WHAT YOU NEED TO DO: All lines below must be repeated exactly, with the pictures omitted.

---*---

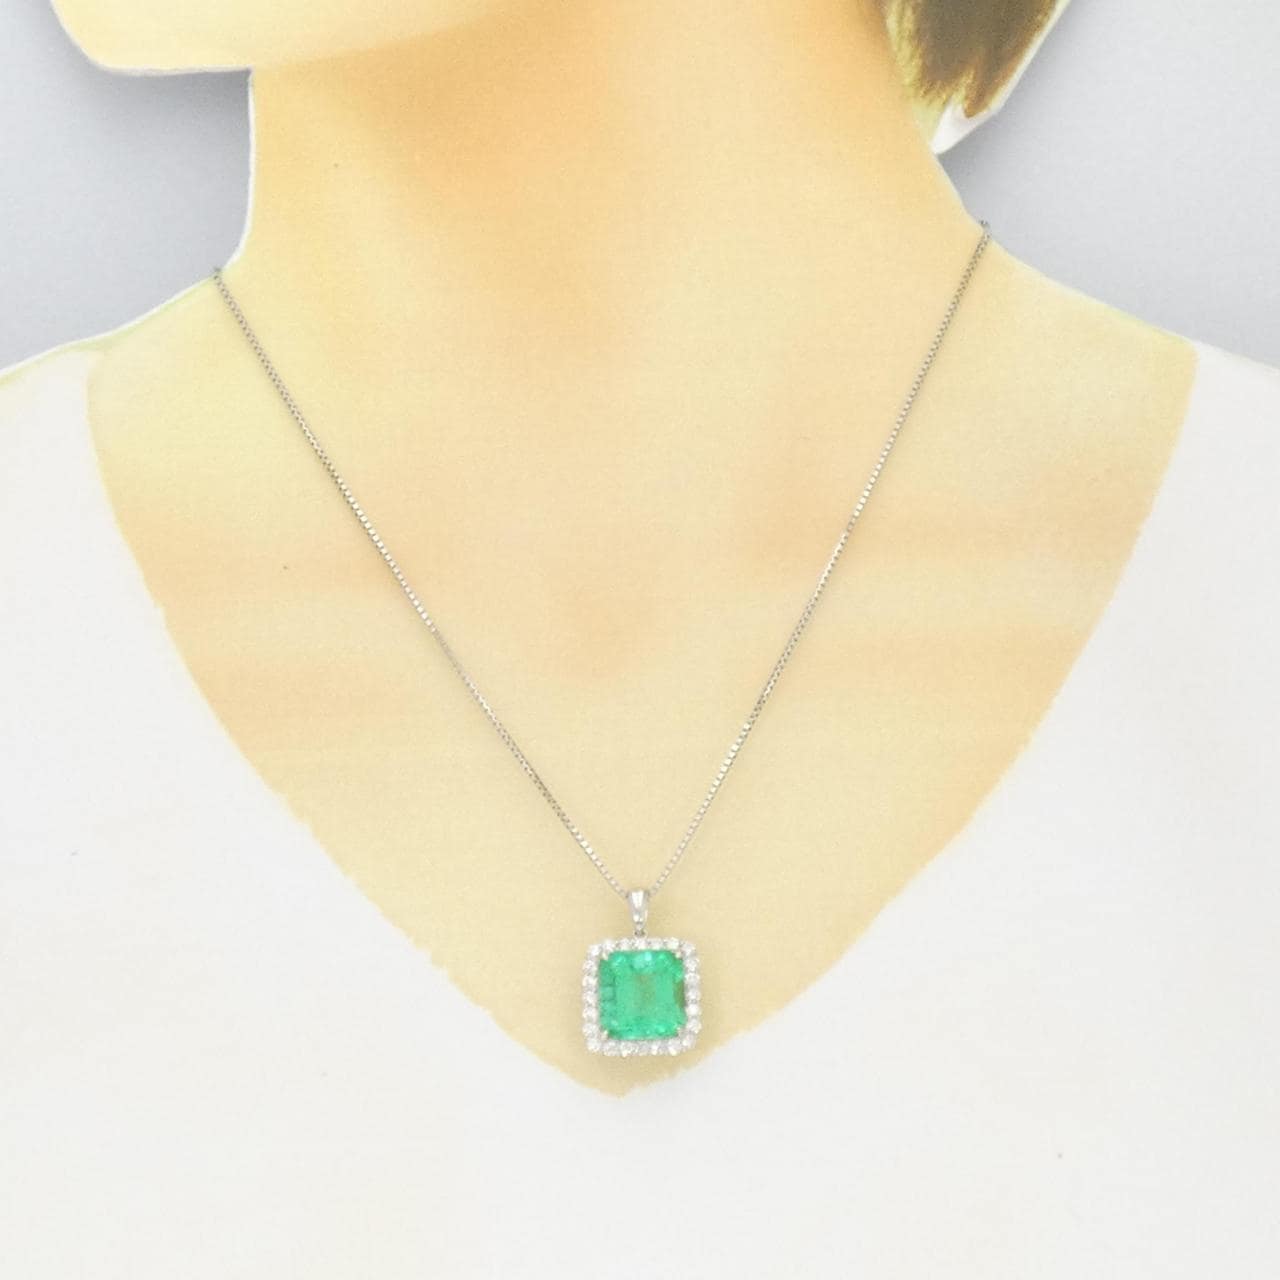 [Remake] PT Emerald Necklace 7.36CT Made in Colombia
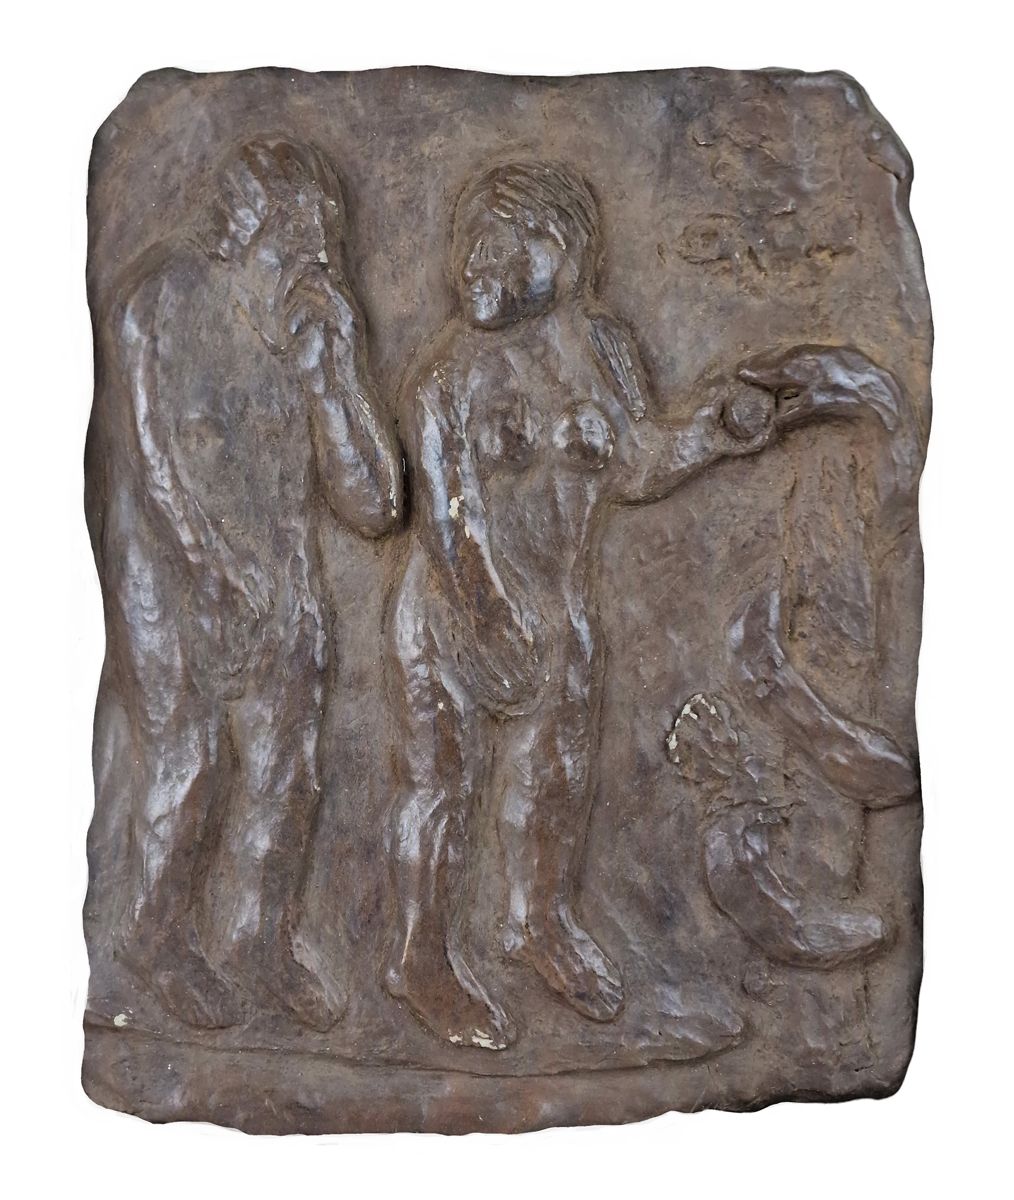 ANGELA SORMANI 20ème SIECLE Adam and Eve
Bas-relief in terracotta with brown pat&hellip;
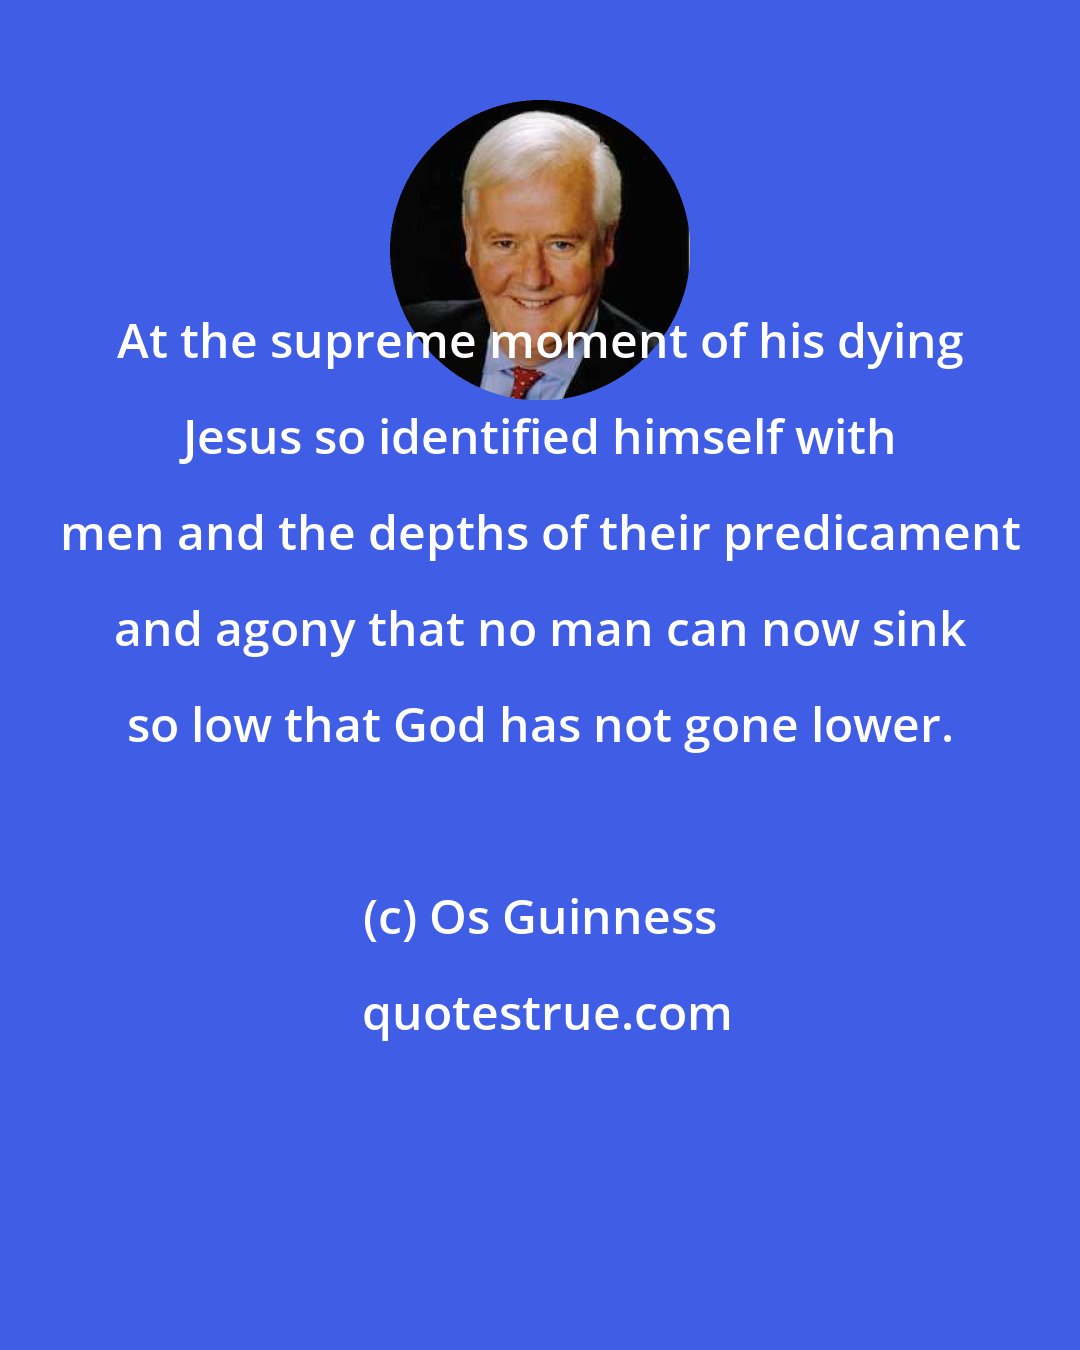 Os Guinness: At the supreme moment of his dying Jesus so identified himself with men and the depths of their predicament and agony that no man can now sink so low that God has not gone lower.
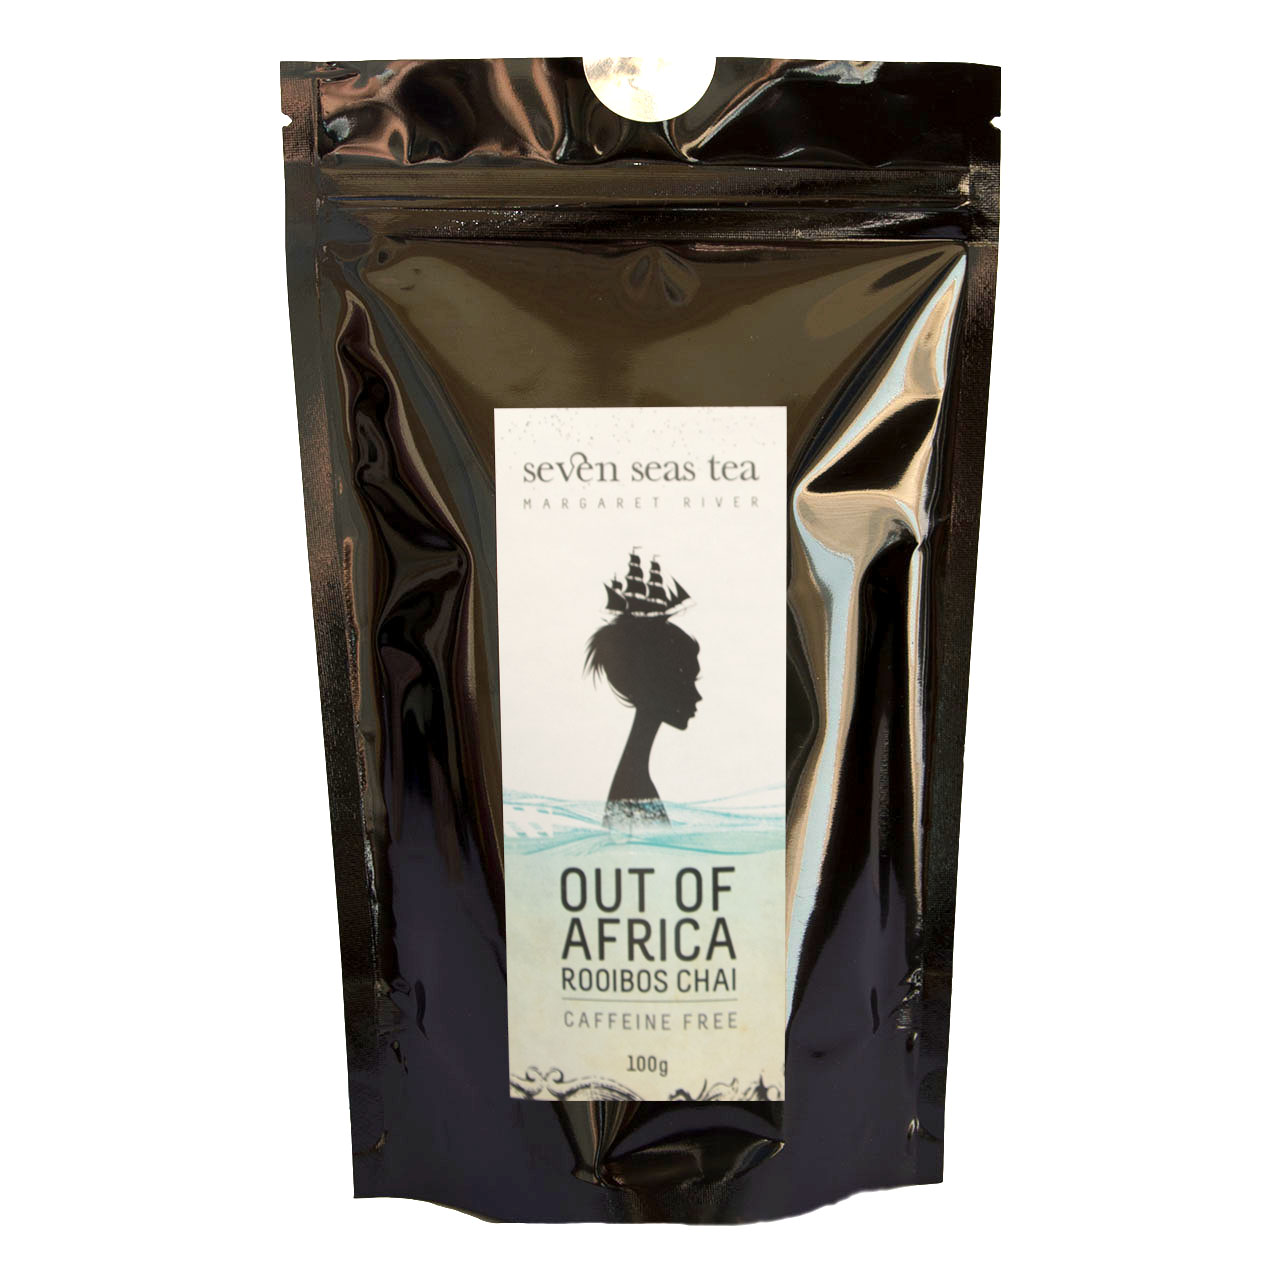 Out of Africa Organic Roobois Chai

---*---

RESPONSE TO THE EXERCISE:
 [Remake] PT Emerald Necklace 7.36CT Made in Colombia
 ANGELA SORMANI 20ème SIECLE Adam and Eve
Bas-relief in terracotta with brown pat&hellip;
 Os Guinness: At the supreme moment of his dying Jesus so identified himself with men and the depths of their predicament and agony that no man can now sink so low that God has not gone lower.
 Out of Africa Organic Roobois Chai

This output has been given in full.